Она нашла под одеялом его маленькую руку и пожала ее, и он ответил осторожным пожатием с грустной улыбкой и счастливыми глазами.
Глава семнадцатая
ВЛАСТЬ ВО ПЛОТИ
Уродливо вытянутый в луче далекой лампы профиль скользил по стене. Задержался, как бы принюхиваясь или прислушиваясь, и заскользил снова.
Он появился неожиданно – крошечного роста, с ног до головы в темном, напряженный, как тетива. От него волнами распространялся аромат благовоний – приторный до тошноты. Человек исчез, а запах долго еще сохранялся в коридоре…
Родери Раин отвернулся от освещенного перехода, по которому только что прокрался в спальню королевы Гирш Ниссагль, и задумался.
Щеки у камергера горели все сильнее и нестерпимее, шаг стал неверным, словно земля уходила у него из-под ног.
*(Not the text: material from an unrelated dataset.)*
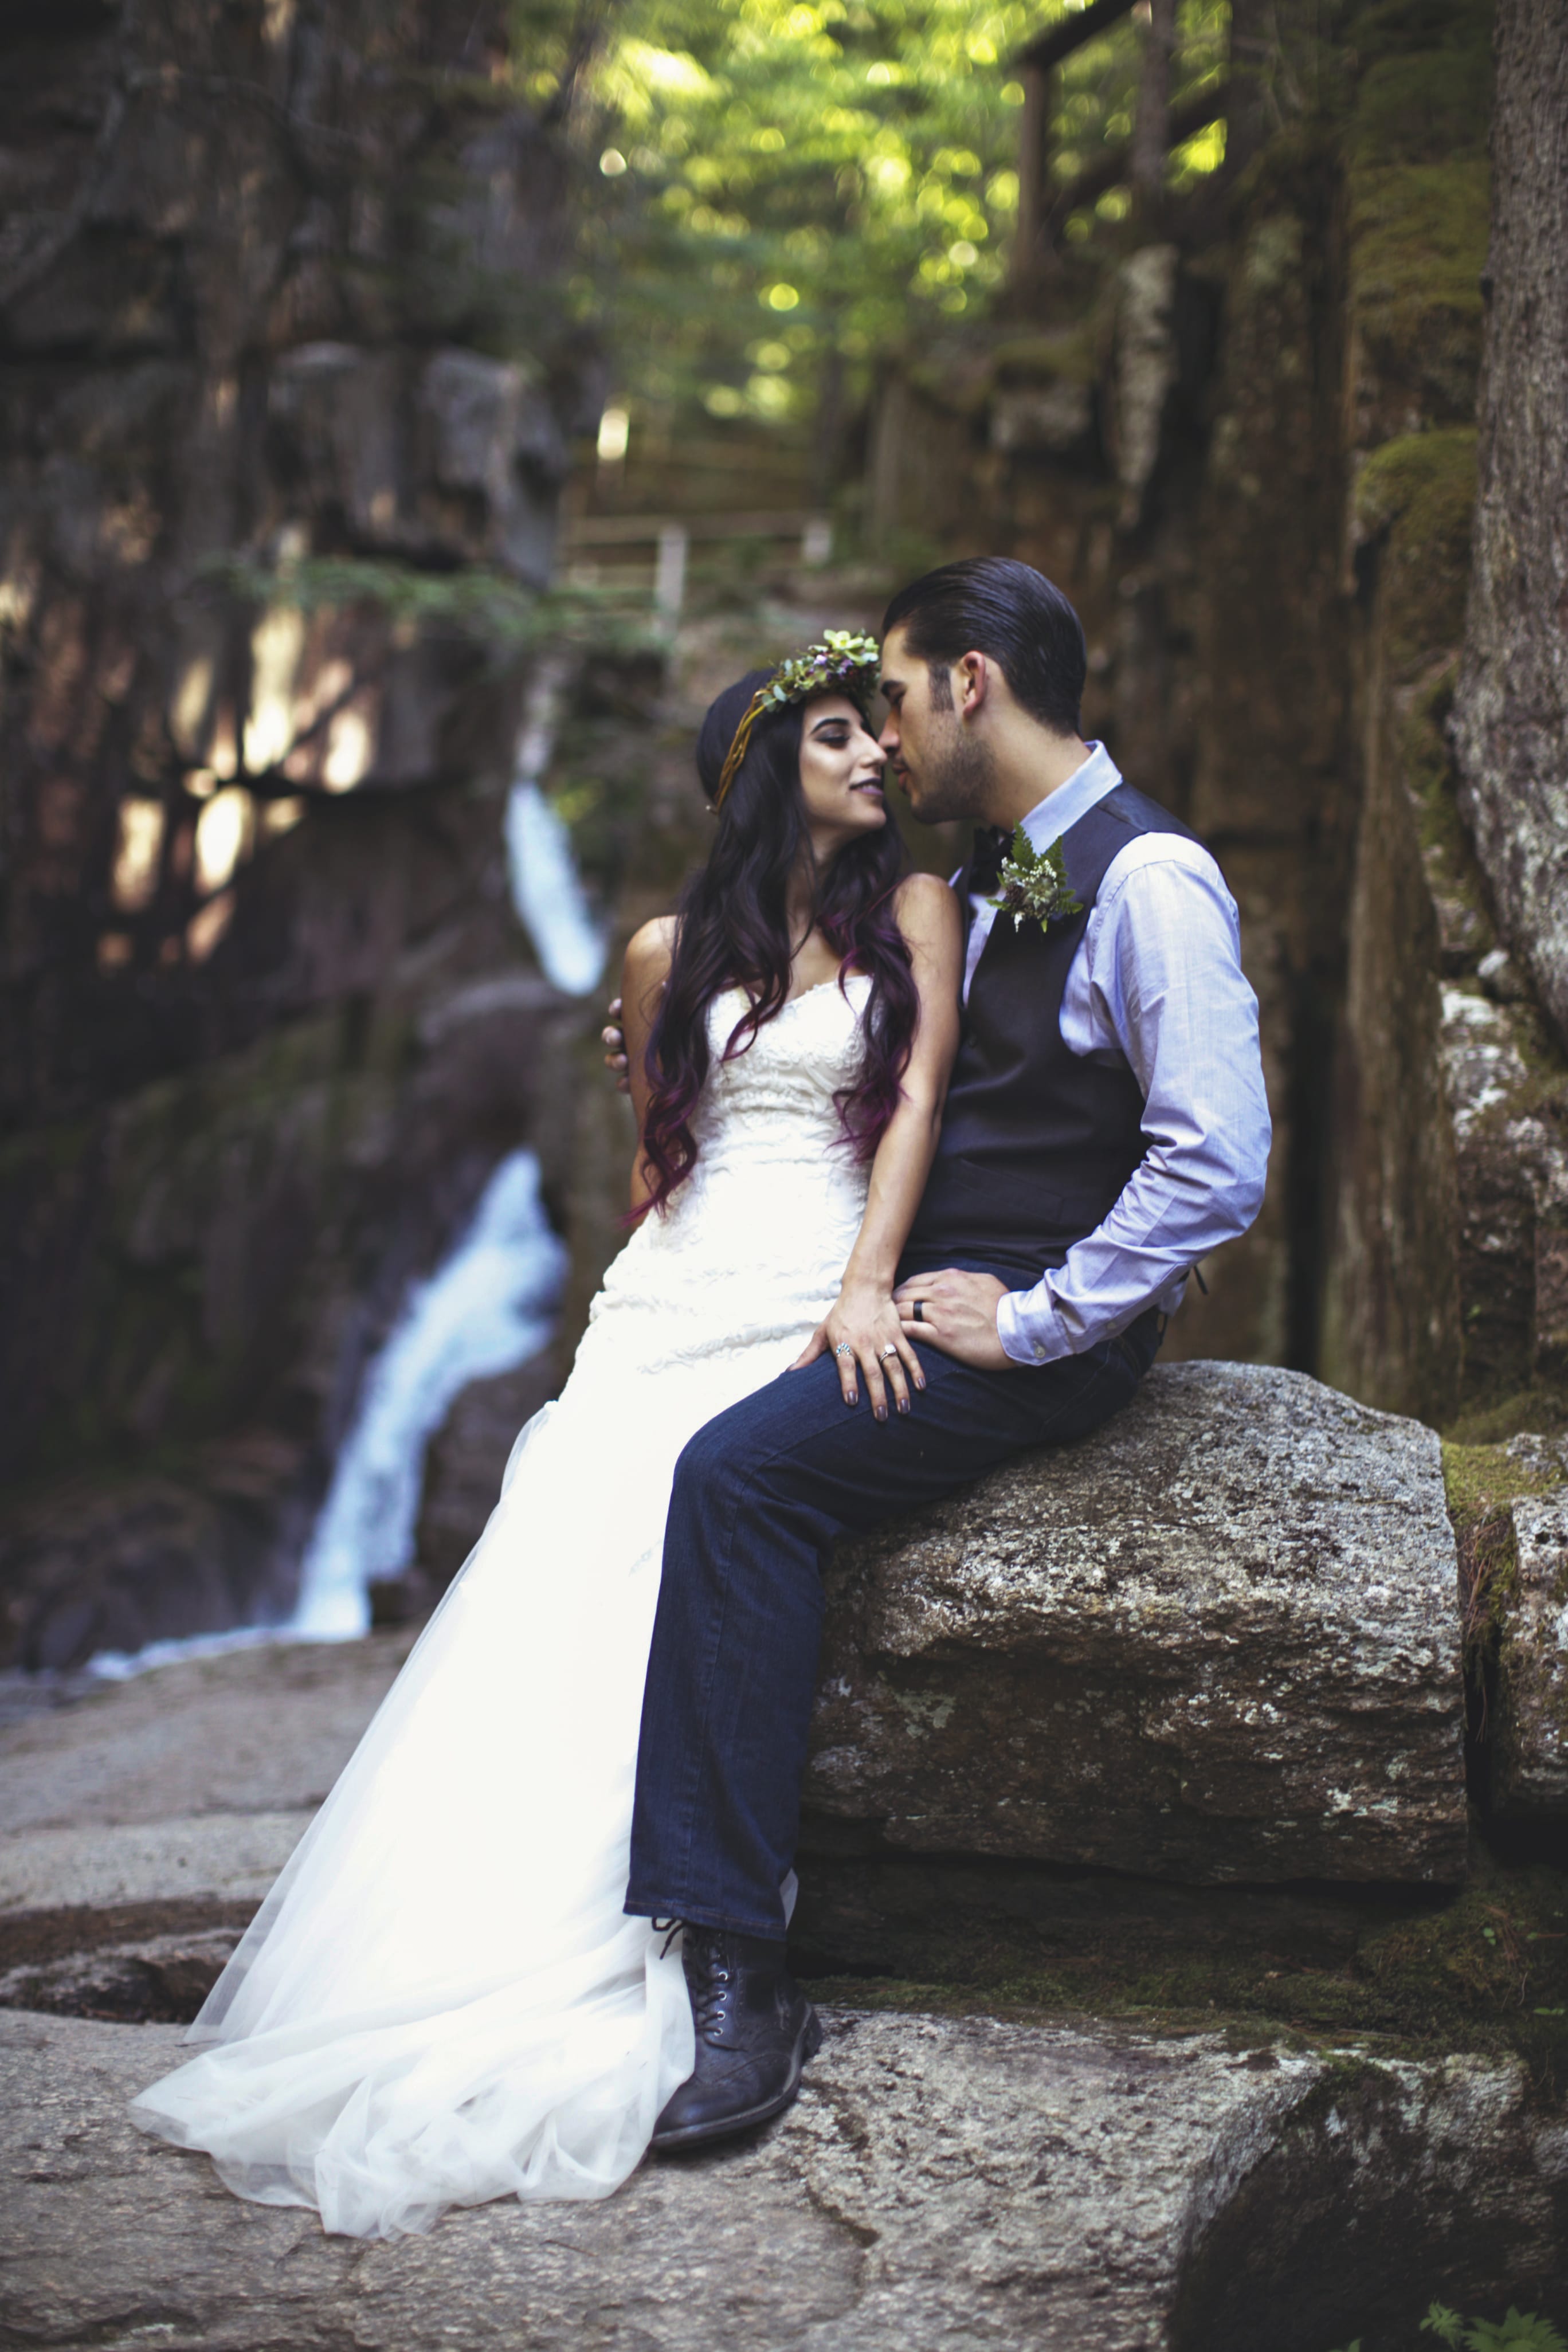 High School Sweethearts Marry in Enchanted Forest! - Maggie Bride wearing Azura wedding dress by Maggie Sottero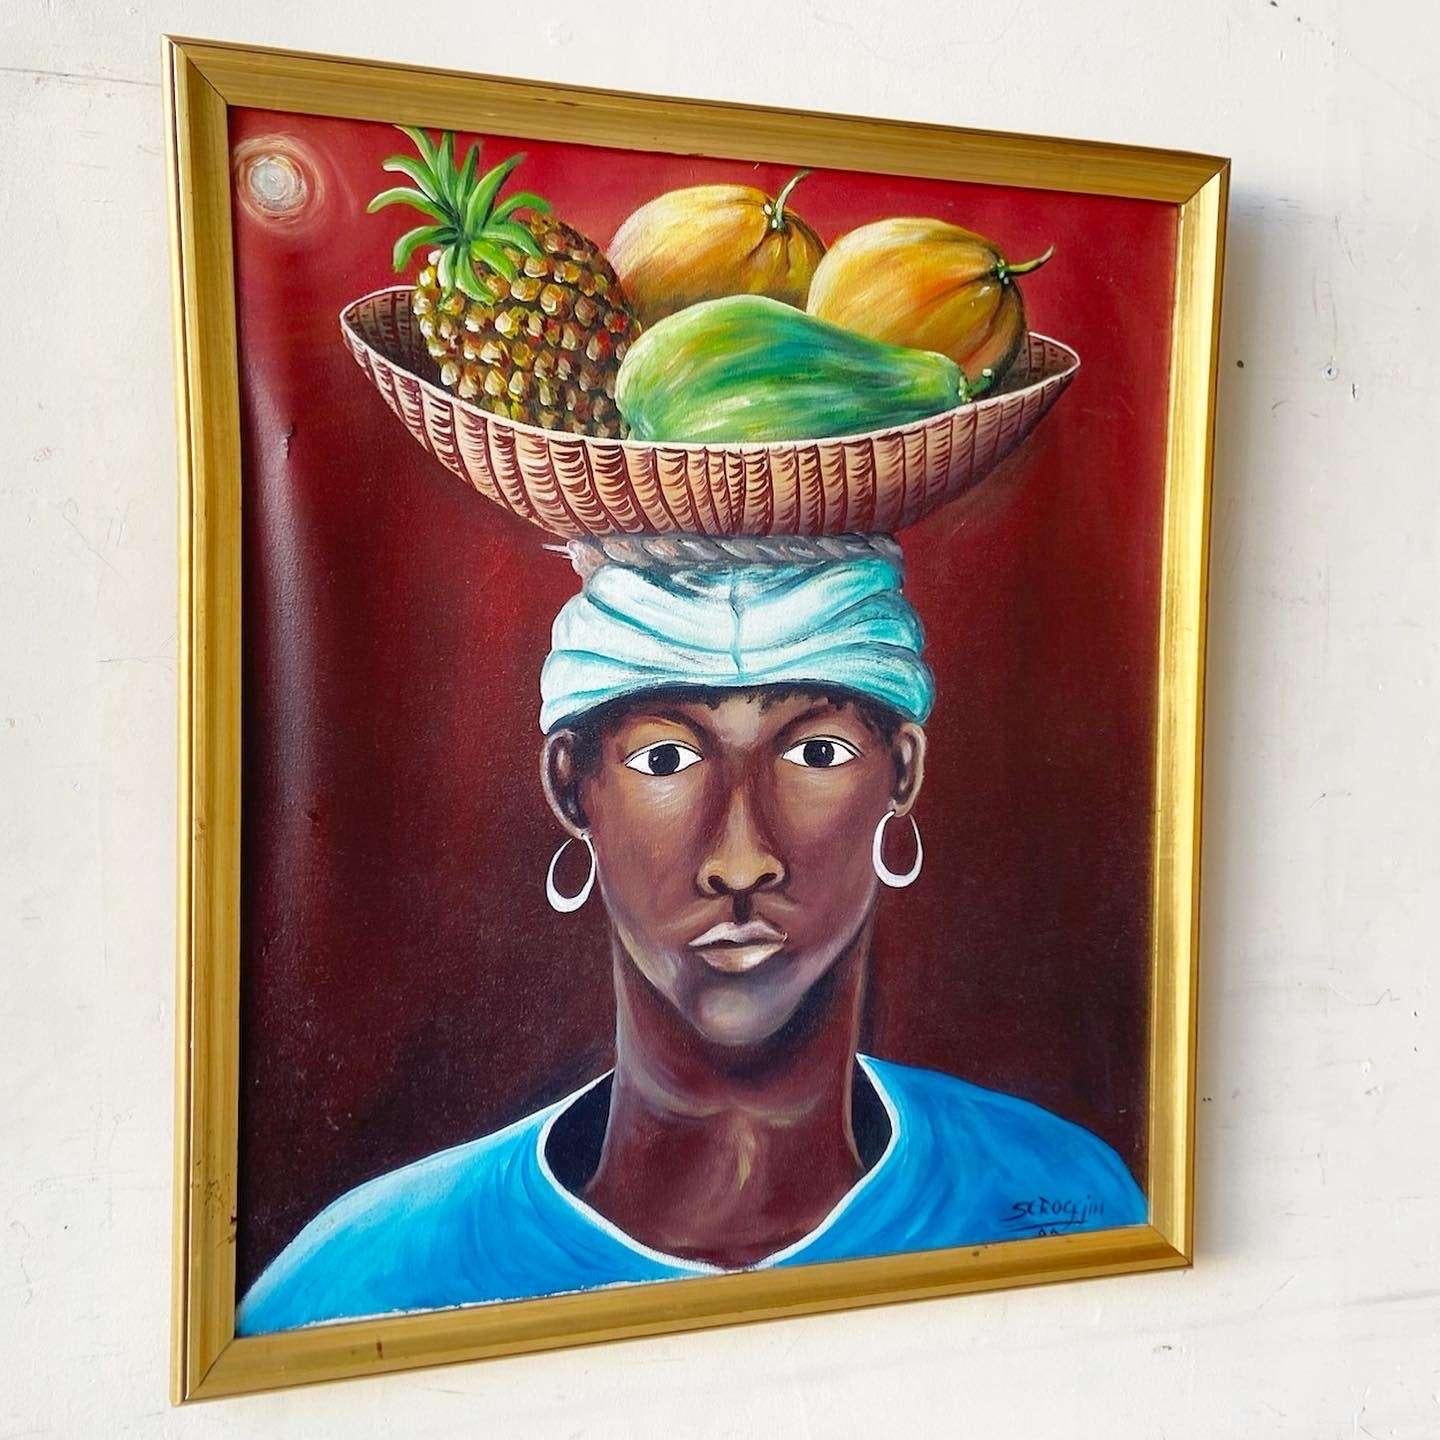 Exceptional framed original oil painting by Scroggin. Subject is a Caribbean woman with a bow of fruit on her head.

Хорошо. Прыткий недомерок явно не знает всего про здешние переходы. Да и когда бы он успел узнать?
Галерея шла внутри толстой стены, извилистая, как ход древоточца. Во тьме он вел пальцами по стене, но пока ощущал лишь камень в наплывах известки. Потом рука мягко ушла в пустоту и коснулась деревянной поверхности. Дверь! Ниссагль был уже за этой дверью, запах сочился из темноты.
Раин осторожно приоткрыл дверцу – за ней было так же темно.
Лаз вел прямо в большой бельевой рундук, крышка которого до конца не закрывалась. Вверху золотисто светила щелка. К ней он и приник, стараясь не измять кипы чистых платьев и белья.
Они целовались на той же постели, под тем же самым зеленым балдахином!.. Он смотрел на них и вспоминал ту ночь, когда она впервые спала у него на груди. Они целовались – королева и Ниссагль, одновременно торопливо сдирая с себя одежду, точно у них времени было в обрез. Потом она упала на кровать, расцепив объятия, раскинув руки, нагая, только в золотых ожерельях, и медленно развела колени…
Раин почувствовал дурноту, зажал руками рот, скрипнул зубами, ткнулся лбом в вороха тряпок, извиваясь червем и не имея возможности даже биться головой об стены – могли услышать эти голые скоты! Его любовь! Его любовь! И с кем! Кровь кипела в жилах Раина. Голова гудела как колокол, гул боли заглушал даже стоны и всхлипывания королевы-блудницы. Будь она проклята! Проклята, проклята! Вместе со своим Ниссаглем!
Он неподвижно скорчился в рундуке, глядя сухими глазами на любовников под зеленым пологом, – а те млели от блаженства, даже не погасив свет.
Он, Родери Раин, отомстит королеве и Ниссаглю. Он непременно им отомстит.
Двухчасовые бурные ласки не утомили королеву, ей не спалось. Около четырех ночи она отослала своего нового любовника и попыталась задремать, но сон не шел.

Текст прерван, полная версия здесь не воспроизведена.